На этой свадьбе Озерцов превратился из хулигана в настоящего террориста — взял в заложники невесту и сбежал. Евгений Борисович цокнул языком по нёбу. История была мутная и темная. С тех пор электрика искали с особым тщанием, но безуспешно, а свет продолжал гаснуть то в одном элитном поселке, то в другом — словно гигантская невидимая рука передвигала клавишу выключателя.

Впрочем, к пропаже букв это отношения не имело.

Или?.. Рука участкового замерла на полпути к пульту. Равнодушно посмотрел на него исподлобья грубо собранный фоторобот. Посмотрел и исчез.

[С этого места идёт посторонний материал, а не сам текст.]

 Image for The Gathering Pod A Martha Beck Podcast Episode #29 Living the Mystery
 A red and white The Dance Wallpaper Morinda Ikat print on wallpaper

Следом уже выросла новая фотография — круглое девичье личико. Она смотрела не исподлобья, а сбоку, кокетливо вытянув блестящие розовые губы, и если бы не приписка «пропала без вести», то можно было бы решить, что тревожную ноту после портрета преступника сбавляют рекламой сайта знакомств. Но большой палец уже опускается на красную кнопку — и вот, мигнув на прощание кошачьим зрачком, экран погас.

Евгений Борисович упал на диван.

И, словно получив эстафетную палочку, в соседней комнате встала со своей кровати его мать.

* * *

Дуня таскала драгоценный груз наравне с братом, хоть и давалось ей это тяжелее. Большие буквы упирались металлическими каркасами в голый подбородок, нещадно жглись железом. Молчаливый брат раскладывал буквы деловито — вдоль прочерченной на заснеженной крыше ботинком линии. Пока Дуня волокла алую «а» (которая в выключенном виде казалась вовсе не алой, а темно-коричневой), брат выложил начало — оставив пробел для неё.

Дуня уложила ношу. Отошла назад. Почти все было собрано, не хватало каких-то двух букв, но и времени оставалось мало.

Она помахала брату варежкой. Он, завороженный открывшимся зрелищем, не сразу заметил.

— Эй, — позвала она.

Парень оглянулся. Улыбнулся широко, кивнул.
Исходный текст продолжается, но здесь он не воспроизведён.